Um homem, já de certa idade, barba grisalha à Ernest Hemingway, vai para a praia ao fim da tarde, todos os dias, à hora em que quase toda a gente se vai embora. Leva uma cadeira articulada debaixo do braço. Senta-se, estrategicamente, ao centro do areal de frente para o que resta do sol da tarde. Coloca uma mesinha discreta ao seu lado direito onde pousa o livro que vai ler. Traz também uma garrafa de água. O homem começa a ler o livro, em total compenetração, sem se distrair com os transeuntes que passam à sua volta. Questiono-me se lê um livro do Miguel Sousa Tavares, do Paulo Coelho ou um qualquer título de literatura "light", que invadem maioritariamente as leituras de praia dos veraneantes.

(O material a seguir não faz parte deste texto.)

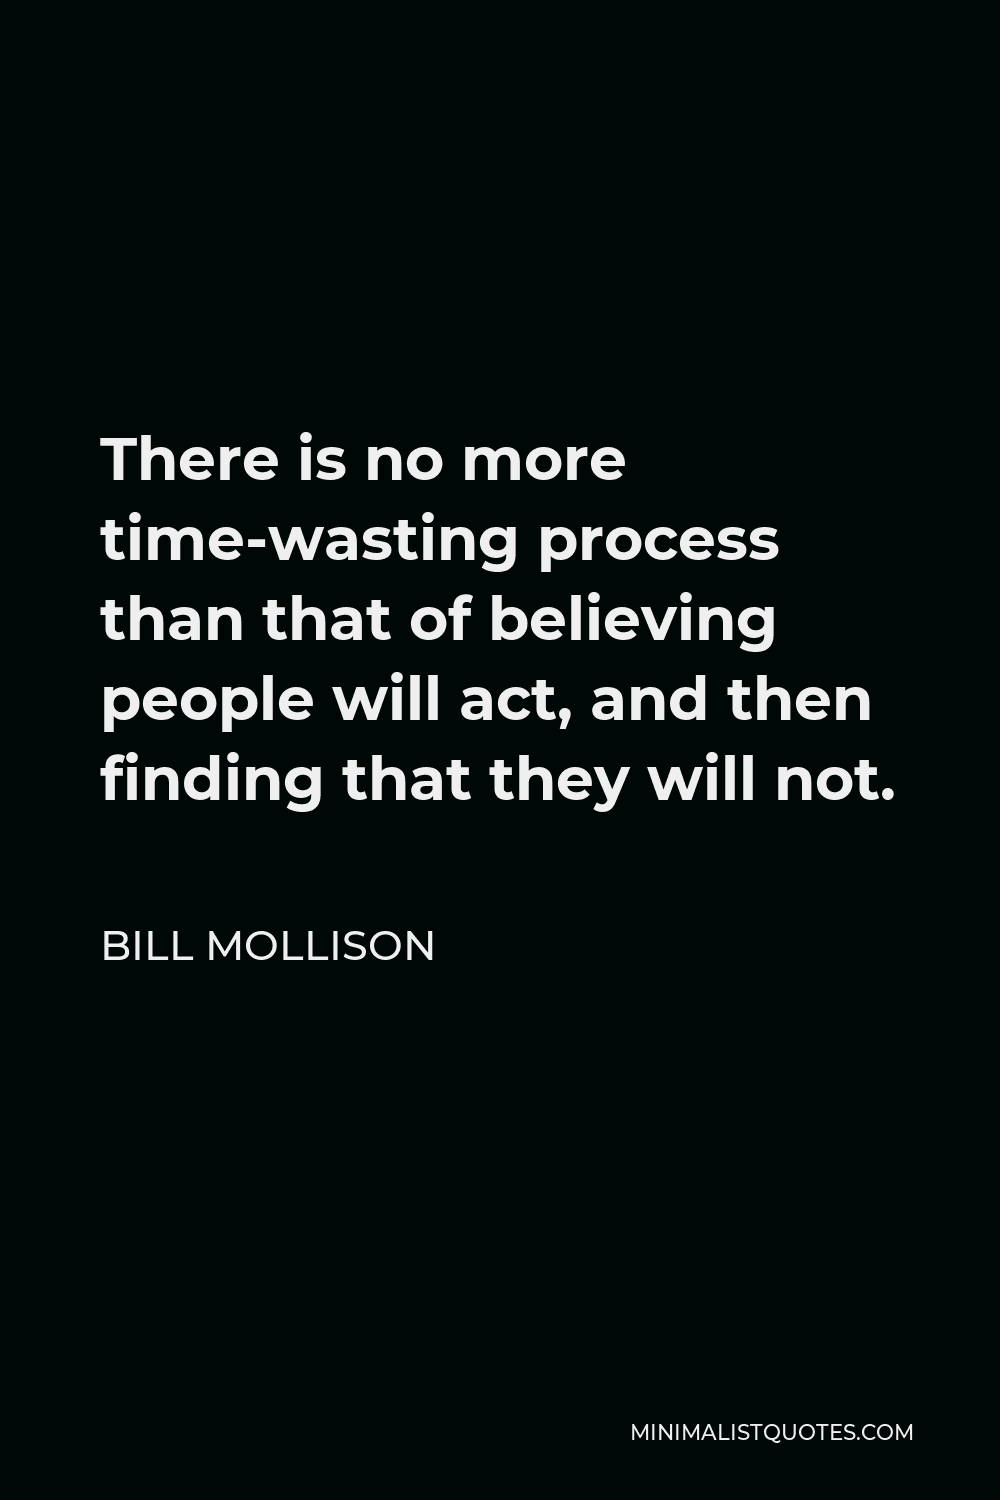 Bill Mollison Quote - There is no more time-wasting process than that of believing people will act, and then finding that they will not.

Até que me dou conta que aquele homem, que todos os dias ao fim da tarde pratica o ritual de se sentar no meio da praia de frente para o sol, alheio a tudo e a todos, num belo e quente dia de Verão, está a ler o demencial livro "As Benevolentes" de Jonathan Littell, um grosso volume de quase 900 páginas sobre os horrores do nazismo. Engoli em seco e fui molhar os pés no mar para arrefecer o choque presenciado.
5 comentários:
Eu também costumo guardar esses livros para o verão. Por exemplo, os do Lobo Antunes estão quase todos tingidos de bronzeador.
Já peguei nesse livro 50 vezes, com intuito de o comprar, mas faltou-me a coragem para o fazer. Tenho de admitir que eu sou dos que lê coisas mais soft no verão. No Inverno gosto dos russos.
oh victor, mas não se estava mesmo a ver que com essa rotina o homem dificilmente estaria a ler o Tavares ou o Coelho?
Sim, sim, mas daí até estar a ler o Littell...
Para quem leia o ano todo é quase indiferente. O quase deriva de eu, quando li esse livro, ter passado pela experiência de me sentir mais confortável se estivesse em casa, ou simplesmente sózinho.